# Liquorice F.O



## bevvy (Feb 15, 2008)

Hi Everyone.  I'm looking at doing a soap that looks like Liquorice.  Does anybody know where I could buy the F.O or E.O that would be close enough to the smell.


----------



## sarahjane (Feb 15, 2008)

Anise EO smells exactly like black liquorice.  At least it does to me!  Yum.

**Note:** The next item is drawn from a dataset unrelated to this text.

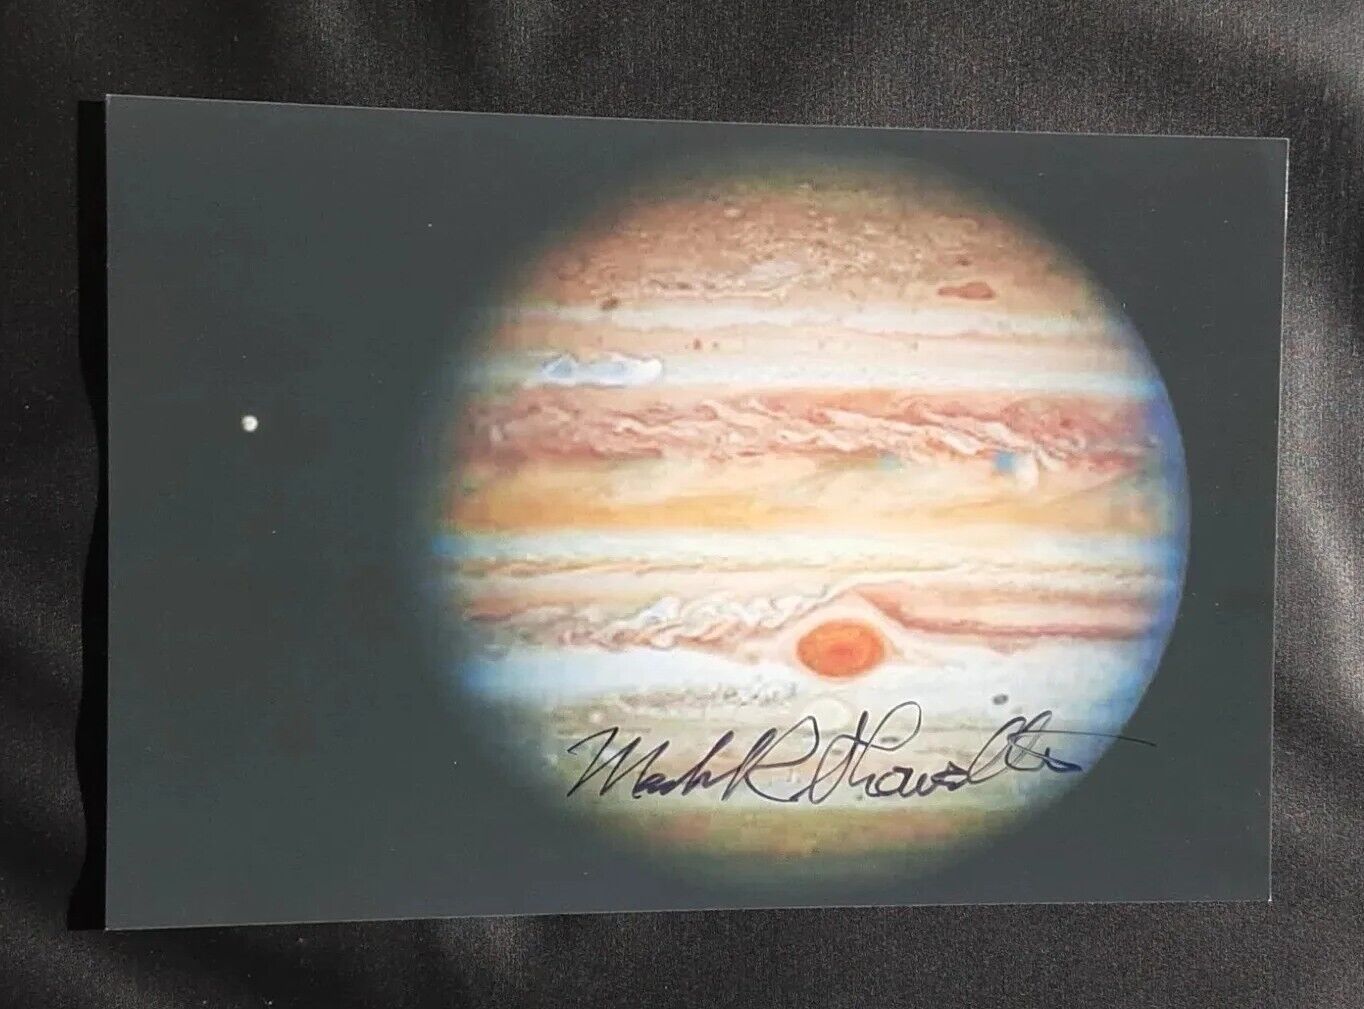 MARK SHOWALTER PLANETARY SCIENTIST SETI AUTOGRAPHED SIGNED GLOSSY 4x6 PHOTO

Edited because my brain is moving faster than my hands.


----------



## bevvy (Feb 15, 2008)

Thanks Sarahjane I will try it and hopefully not eat the soap    I LOVE liquorice.


----------



## sarahjane (Feb 19, 2008)

You are welcome!  It's one of my faves!


----------



## The Queen (Mar 12, 2008)

Bumping this back up.

I hear black liquorice is popular in men's products.


----------



## sarahjane (Mar 18, 2008)

I think it's a hit or miss.  I know men that despise black liquorice and some that love it.  My X Husband loves my anise bars!


----------



## hmr28 (Apr 11, 2008)

*snowdrift farms*

Snowdrift has a wonderful licorice.  I have blended it with their satsuma, with their demeter type cake smell, and with their pumpkin spice smell. All were good but the satsuma/licorice blend was amazing.


----------



## Guest (Apr 12, 2008)

Anise EO smells exactly like it it...


----------



## antella (Apr 21, 2008)

Is the Snowdrift one a fragrance oil?  I bet it smells good.  I like Anise a lot.


----------



## Missjulesdid (Apr 25, 2008)

I like to add a little black pepper EO with the anise, I think it smells more like licorice to me with the black pepper added


----------